= Beginning of Section =

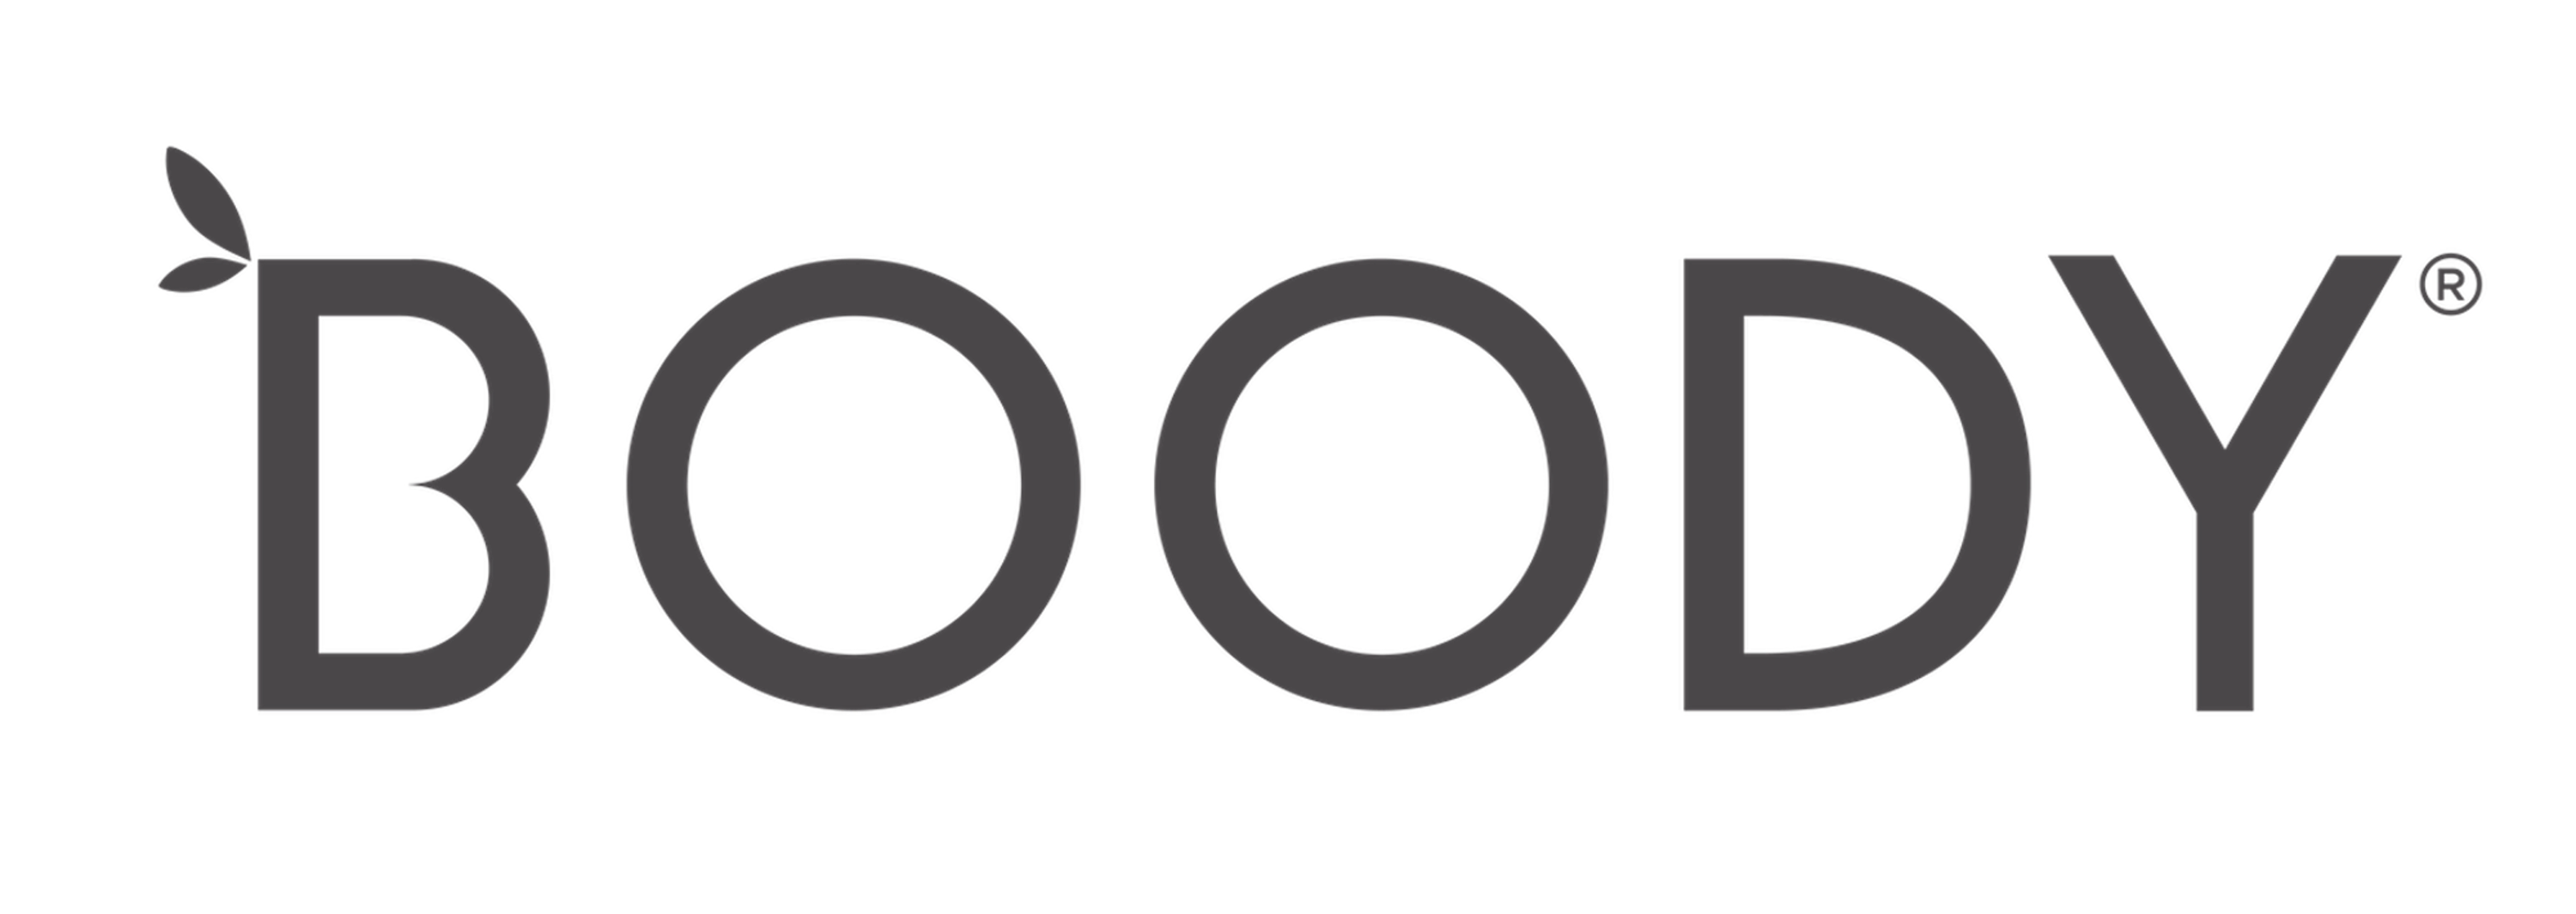 Boody EU logo
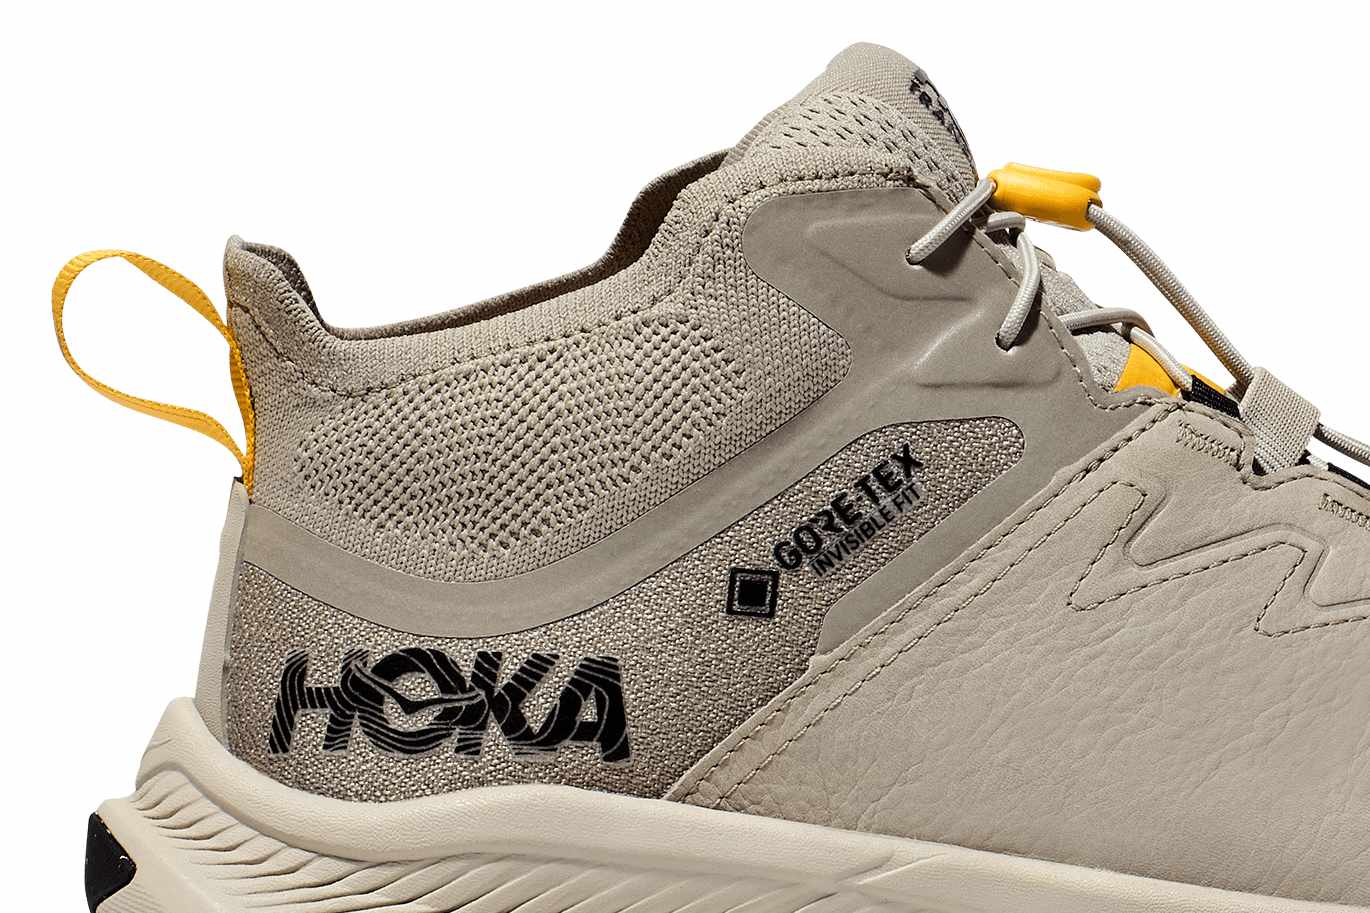 HOKA's Transport GTX sneaker in beige nubuck leather
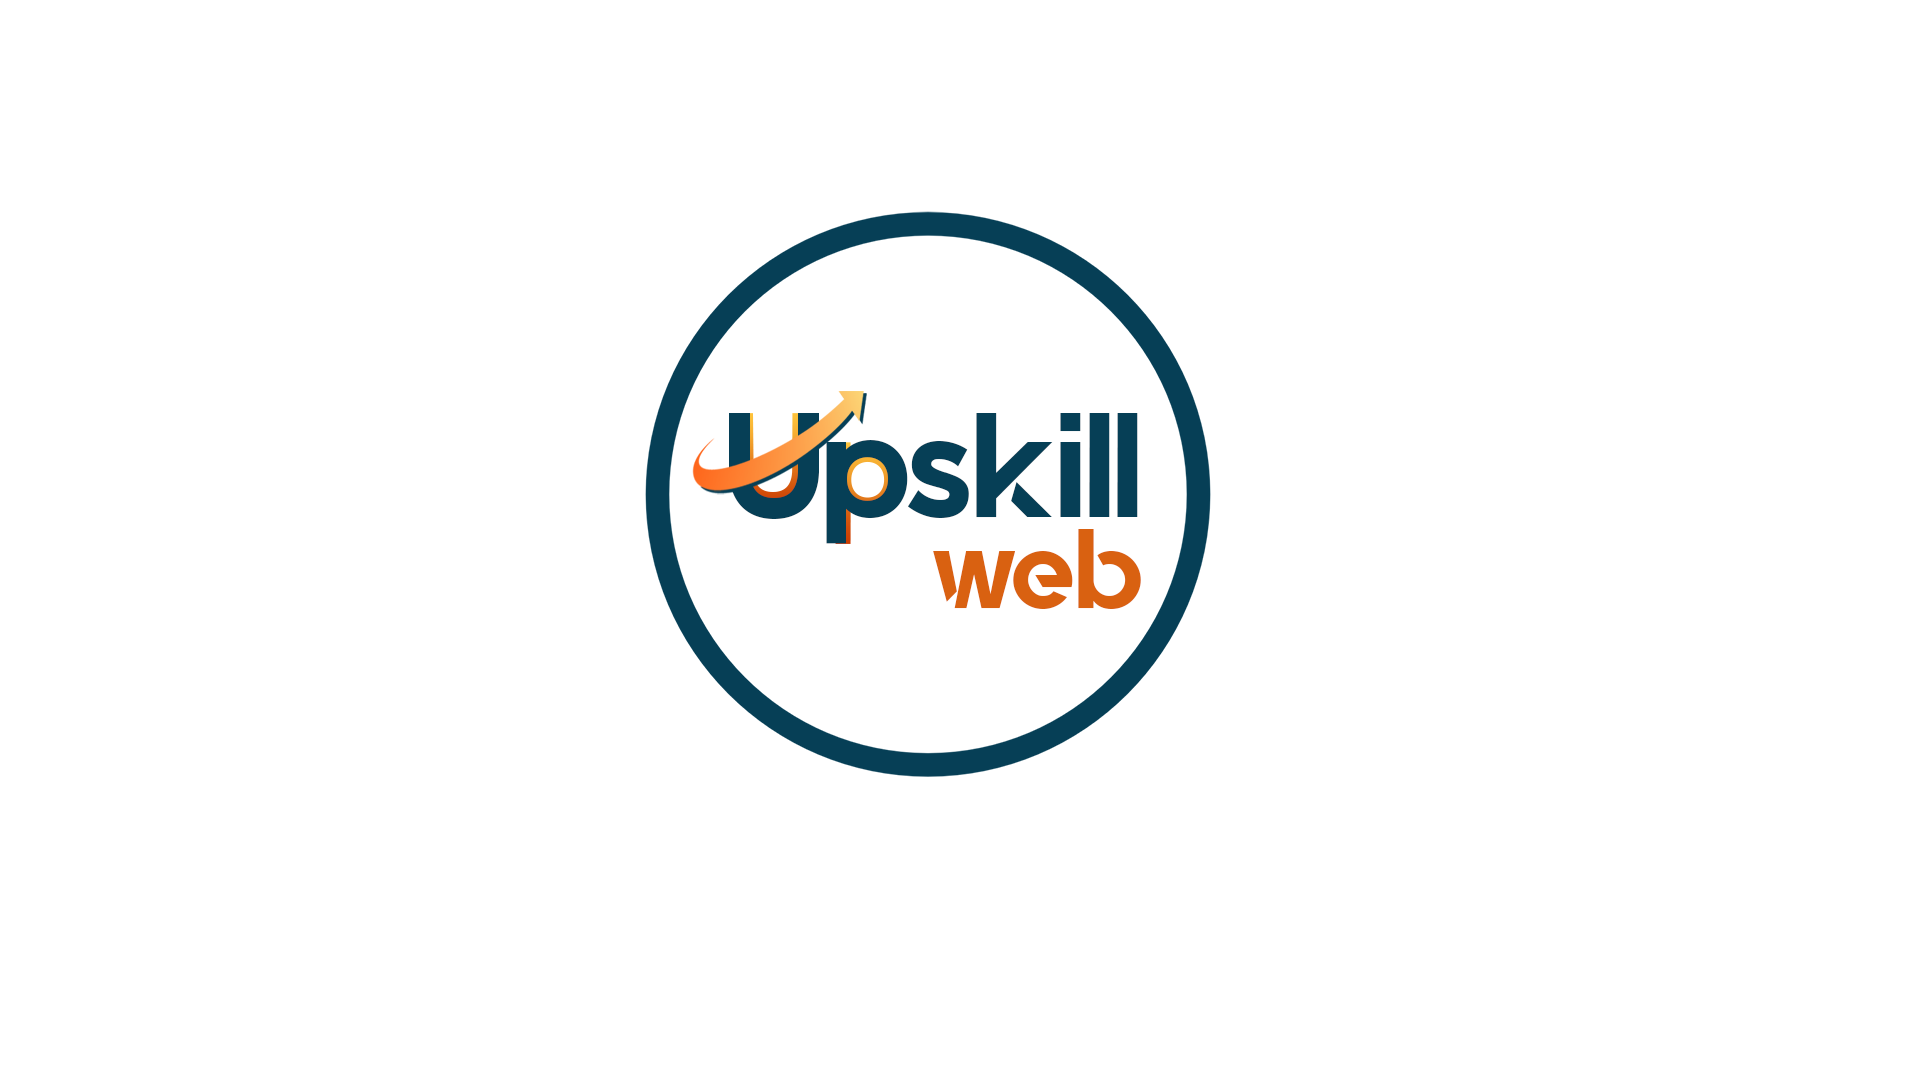 Company logo of upskillweb
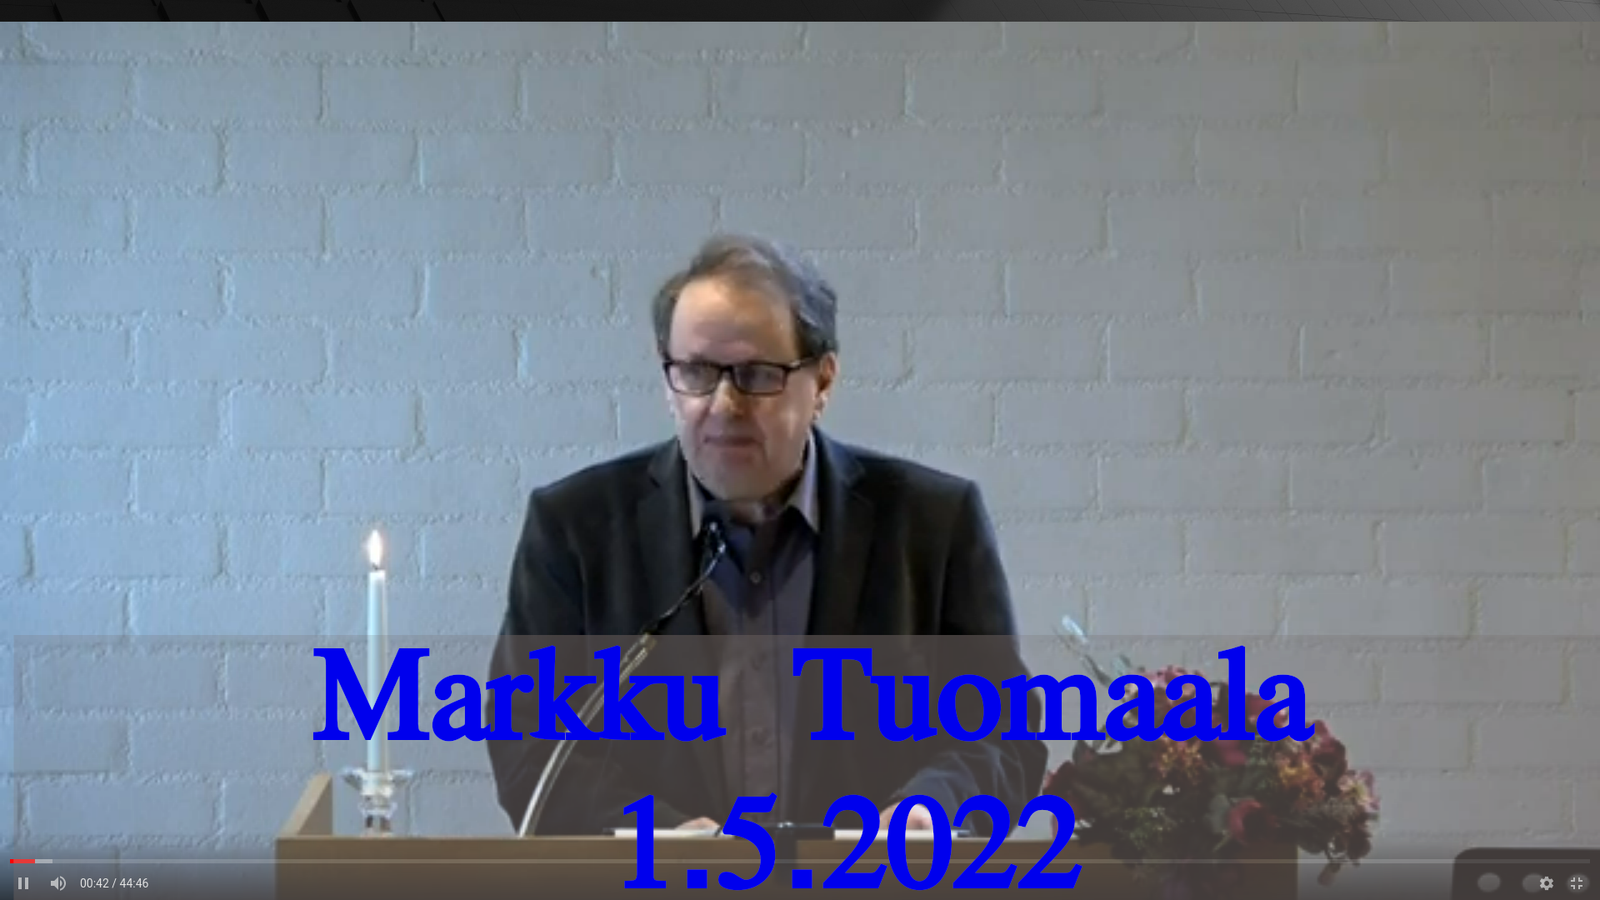 Markku Tuomaala 1.5.2022

= End of Section =

> _Problem description_
Leave every picture out and print exactly the lines from the one that contains "HOKA's Transport GTX" through the last line of the material above.

> _Response_
 HOKA's Transport GTX sneaker in beige nubuck leather
 Company logo of upskillweb
 Markku Tuomaala 1.5.2022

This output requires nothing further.